Выбрать главу

Альберти формулирует — не случайно от имени Джанноццо — понимание времени, общее и для купца, и для книжника-гуманиста. «Если приобретение богатства и не так славно, как другие, более высокие занятия, не заслуживает, однако, презрения тот, кто, будучи от природы малоспособен к этим величественным занятиям, берется за дело, к которому сознает себя более пригодным и которое всеми признается полезнейшим для общественного и семейного блага…» Близость «времени гуманистов» и «времени купцов» выступает наглядно.

Однако два понимания времени расходятся в той мере, в какой «ученость» и «занятия словесностью» возносятся Леоном Альберти, как и любым гуманистом, над всеми прочими занятиями. Альберти дает «учености» (dottrina) те же самые определения и свойства, что и «времени» (tempo). Таким образом, «время» и «ученость» оказываются коррелятами: «Ученость, и пока ты ее познаешь, и после того как ты уразумел ее, всегда пребудет твоей, она полезна для тебя и ныне, и во всей твоей жизни… Ее нельзя впоследствии похитить у тебя, она постоянно пребывает в твоей груди… Другие вещи, к которым ты приложил усилия, убывают, и только эта единственная, божий дар людям, постоянно при употреблении возрастает и становится все дороже». Поэтому «нельзя жалеть никакого труда, ради того чтобы изо дня в день становиться тем, чем мы не были раньше»{83}.

В этом-то пункте «время гуманистов» обособляется в своей специфической групповой значимости, в своей универсальной духовности от «времени купцов».

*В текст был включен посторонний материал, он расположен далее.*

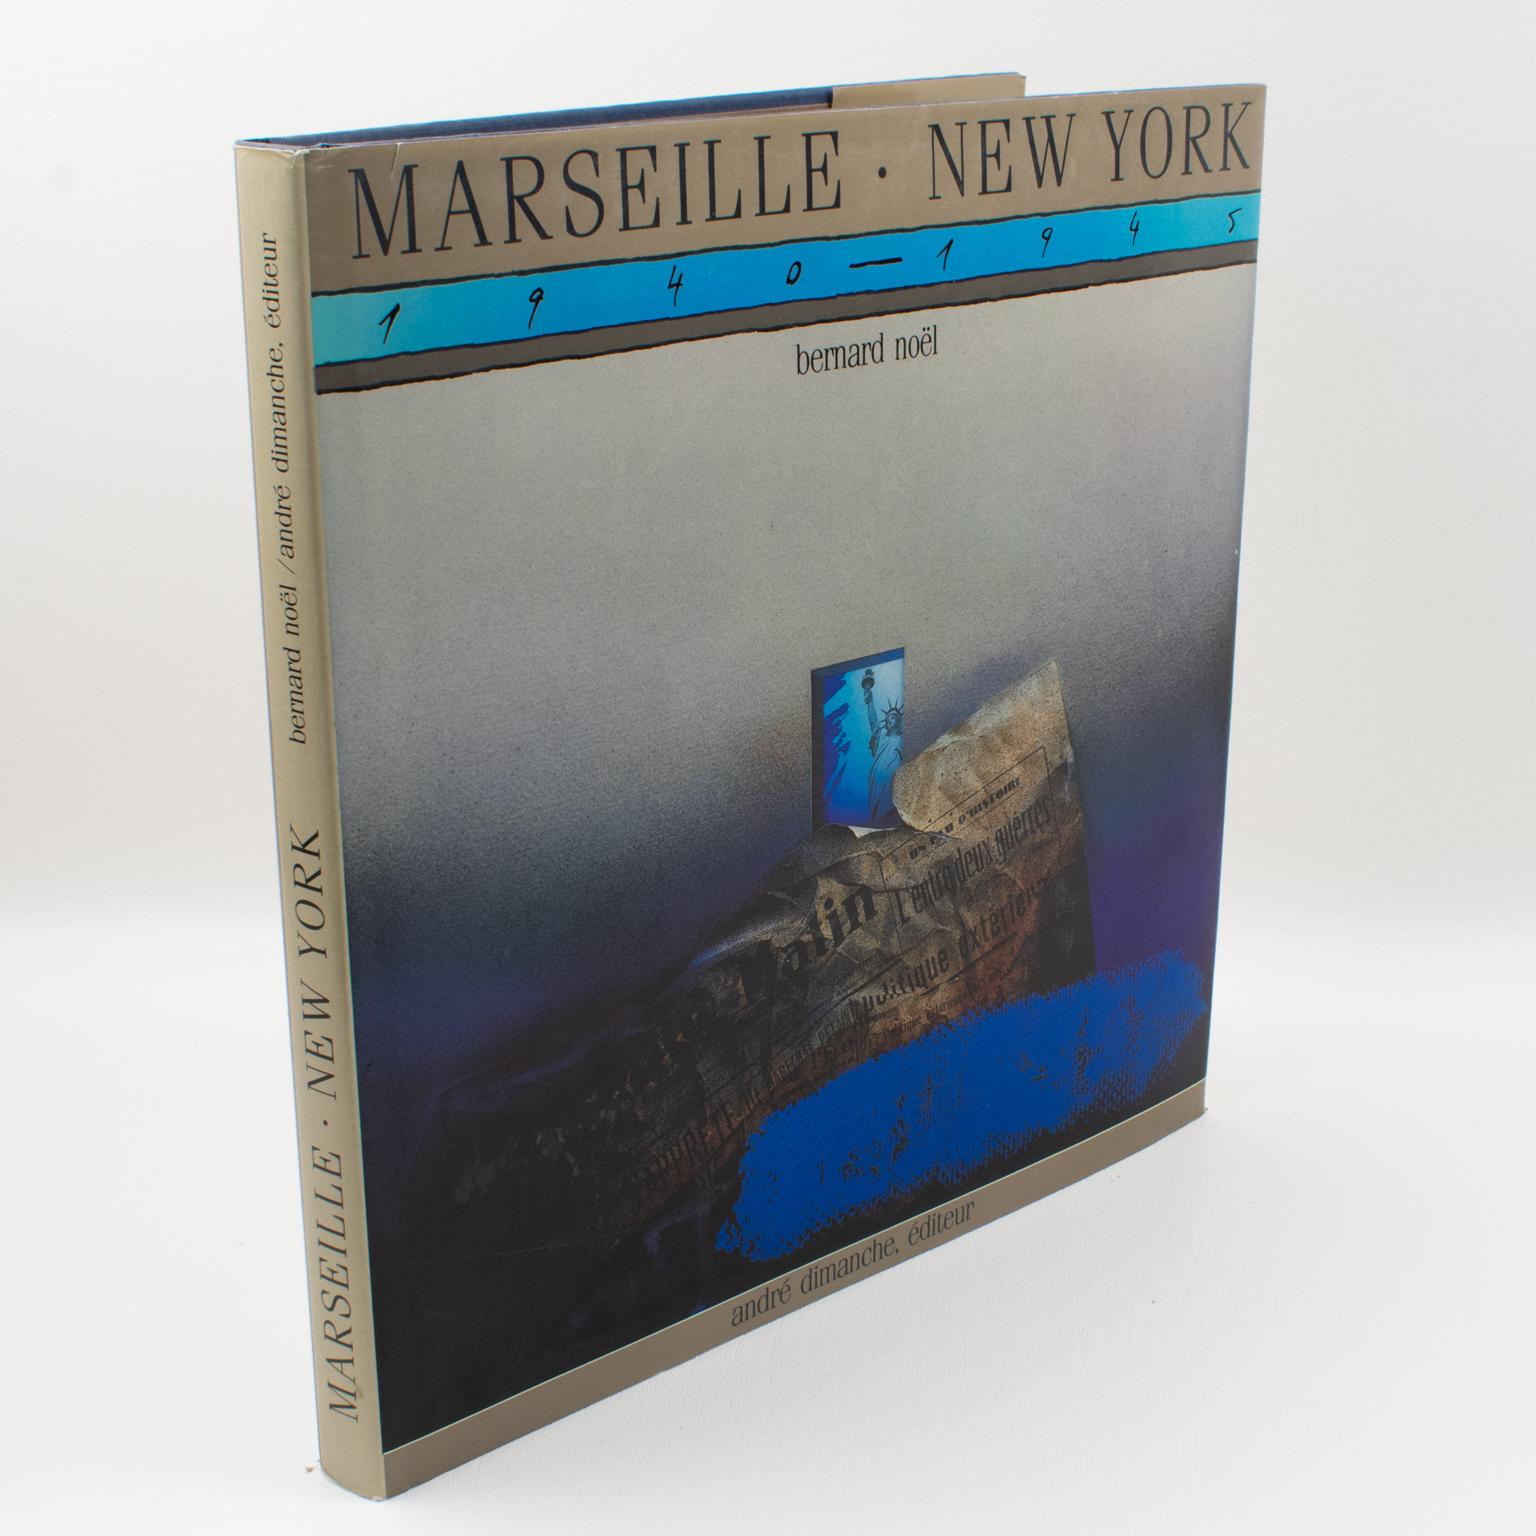 Marseille - New York. 1940-1945, une liaison surrealiste (Marseille - New York. 1940-1945, a surrealistic link), French/English book by Bernard Noel, 1985.
Through archival photographs and artwork, this book tells the dual story of Marseille,

Не входя в сколько-нибудь полную характеристику содержания studia humanitatis, необходимо все же обосновать сказанное выше о природе гуманистической топики, превозносившей «жадность к словесности» и способность «не терять ни часа». Нужно также подготовиться к истолкованию стиля жизни гуманистов. Это требует хотя бы кратких замечаний о том, как гуманисты понимали цель своих занятий. Тогда станет ясней оригинальность их группового самосознания и поведения, превращавшего этих — вполне от мира сего — деятелей, так сказать, в торжественных служителей храма науки. Для нас выражение «храм науки» — всего лишь напыщенный, истасканный шаблон, что-то из прошлого века. Впрочем, и для XIX в. это словосочетание уже утратило непосредственный и живой смысл. Мы даже не задумываемся над тем, что оно парадоксально сочетает в себе два взаимоисключающих, с нашей точки зрения, понятия. Оно настолько близко и привычно, что мы не замечаем его исторической отдаленности и семантической непривычности для нас. Но «храм науки», пожалуй, подходящее определение для особого стиля деятельности гуманистов, которые, не порывая прямо со структурой религиозной духовности, подменили ее светским аналогом.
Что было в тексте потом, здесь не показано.